37. The system of claim 36, wherein the controller is programmed to provide a continuous flow of hydrogen into the reaction chamber, wherein the controller is further programmed to pulse plasma power in the plasma generator to generate the pulses of hydrogen plasma.

38. The system of claim 36, wherein the controller is further programmed to provide hydrogen plasma under conditions to deposit a first metal carbide film with a desired workfunction.

39. The system of claim 38, wherein the controller is further programmed to provide hydrogen plasma under conditions to deposit a second metal carbide film with a desired workfunction different than the first metal carbide film.
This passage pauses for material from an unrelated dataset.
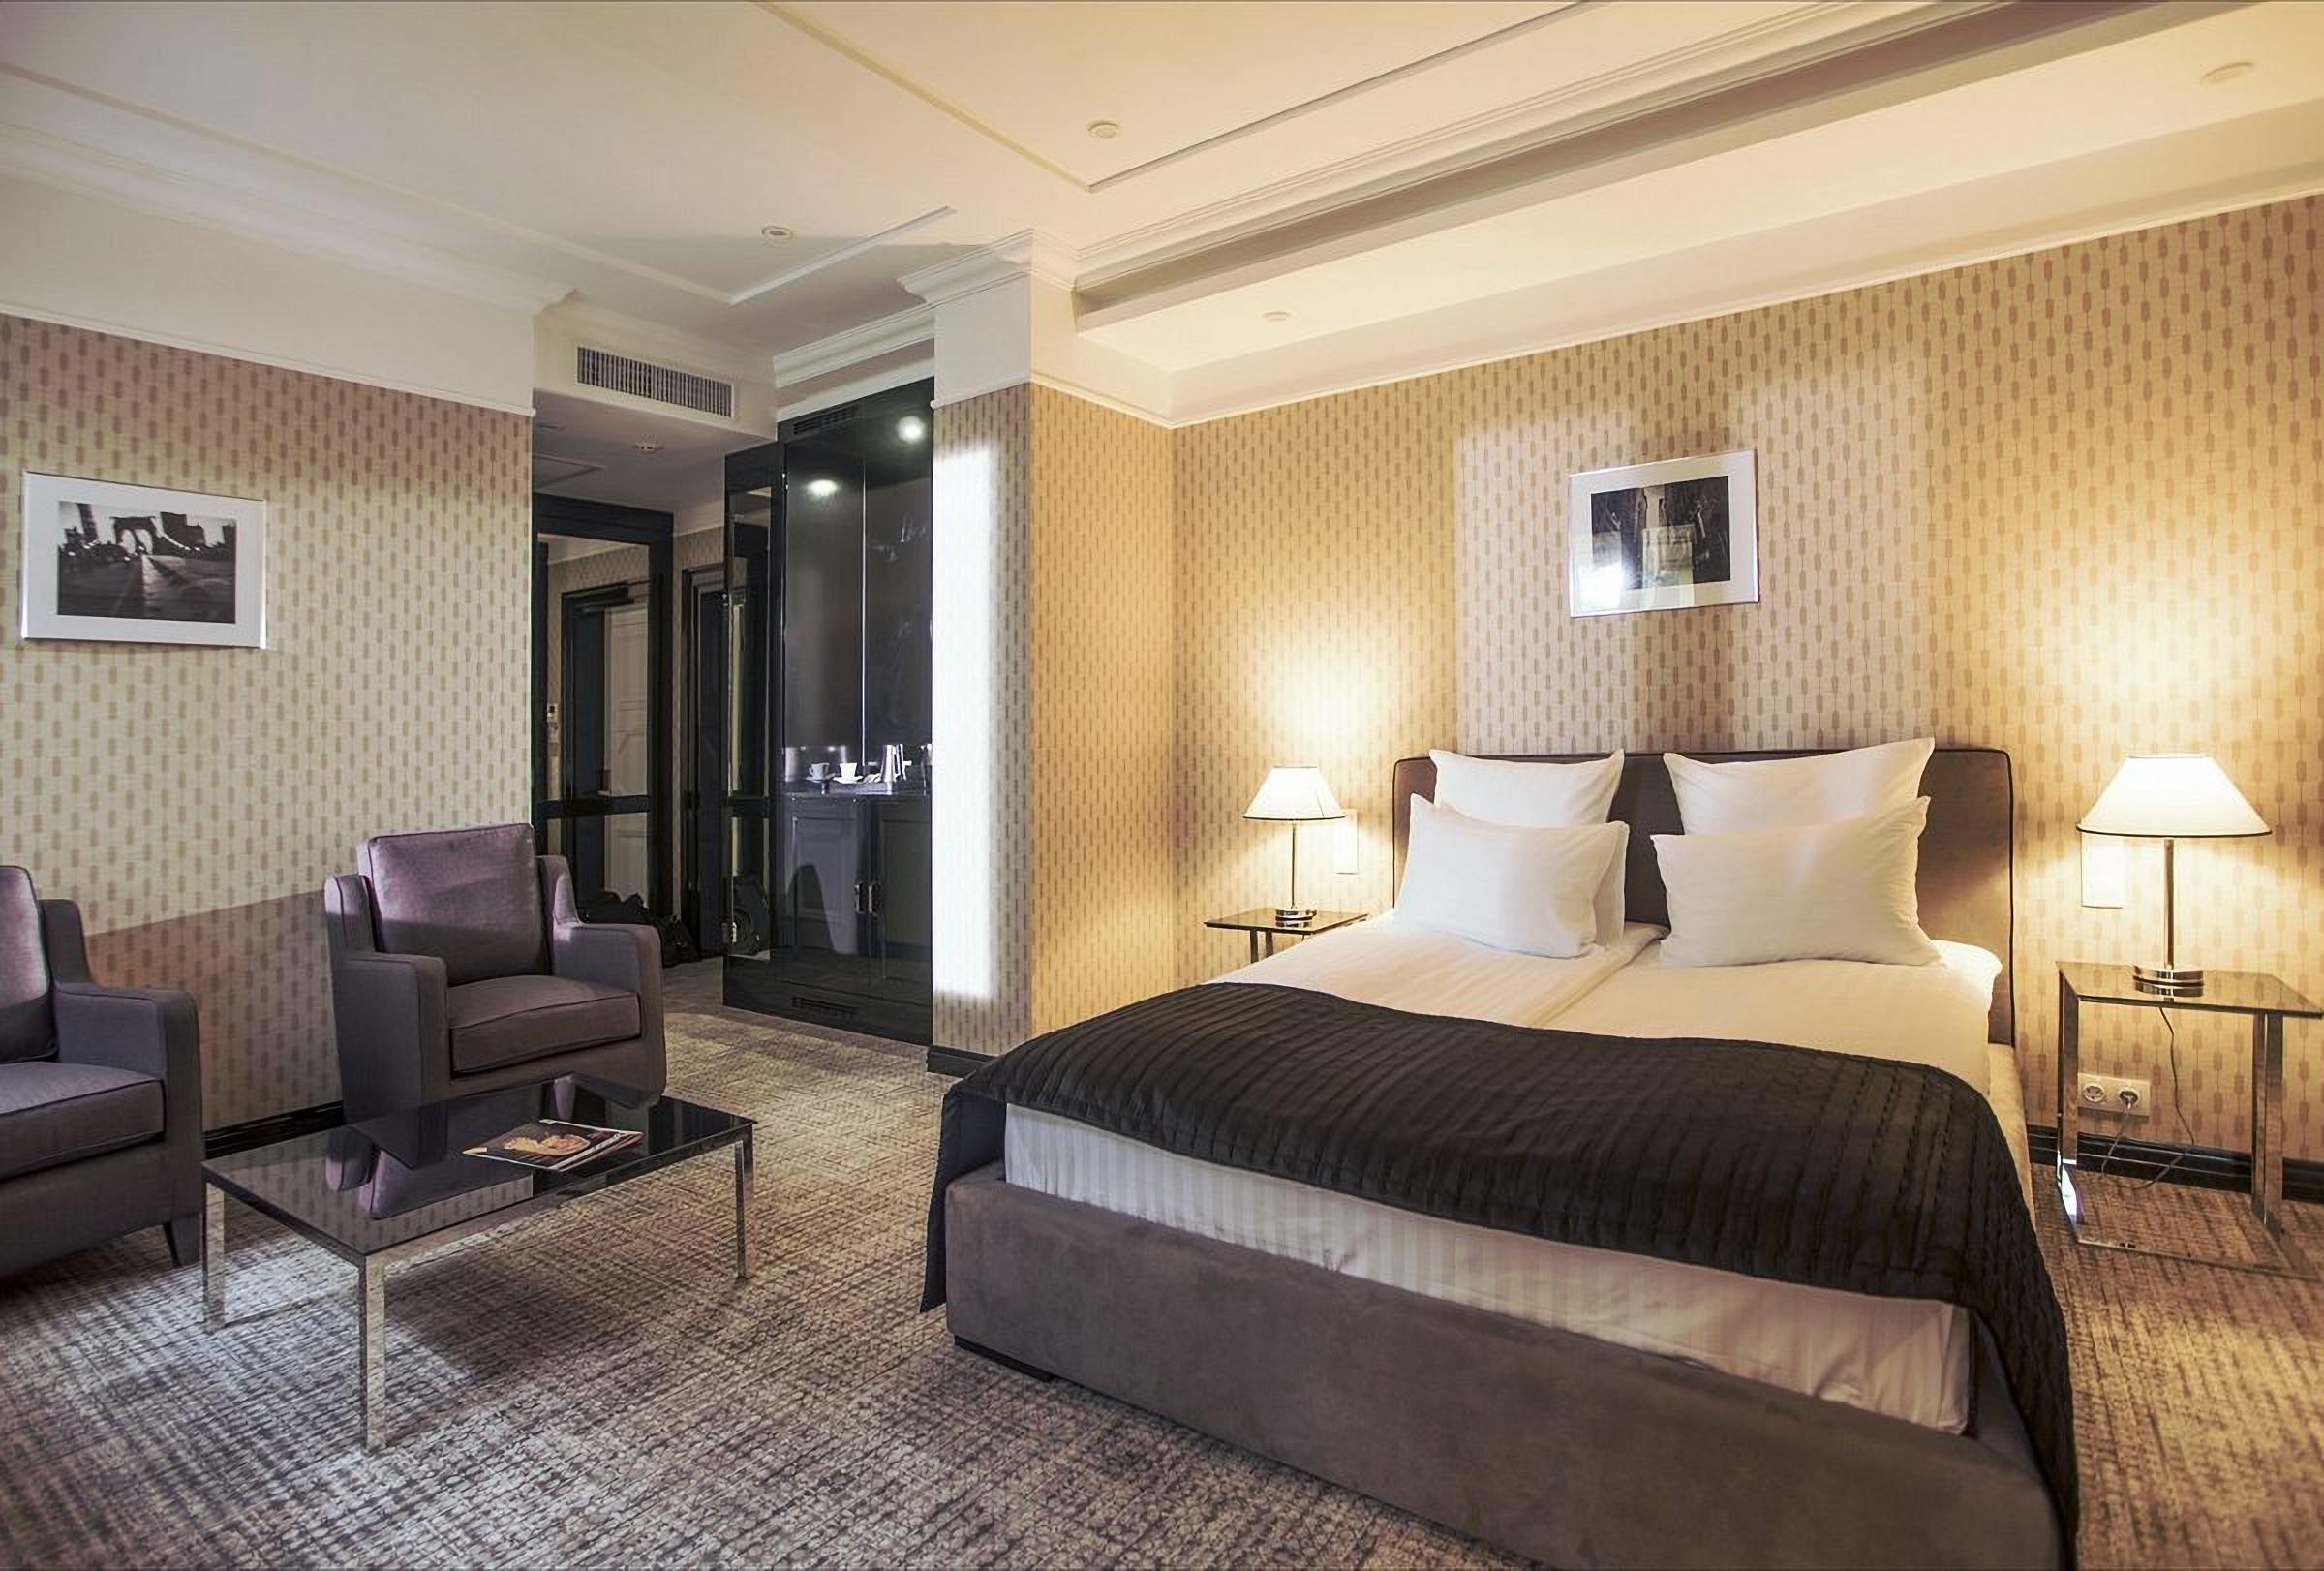 Room at the Wall Street Hotel Odessa Ukraine

40. The system of claim 36, further comprising an argon source in gas communication with the reaction chamber, wherein the controller is programmed to provide pulses of argon simultaneously with the pulses of hydrogen plasma.

41. The system of claim 36, wherein the metal precursor source comprises a transition metal.

42. The system of claim 41, wherein the transition metal is selected from the group consisting of titanium (Ti), zirconium (Zr), hafnium (Hf), vanadium (V), niobium (Nb), and tantalum (Ta).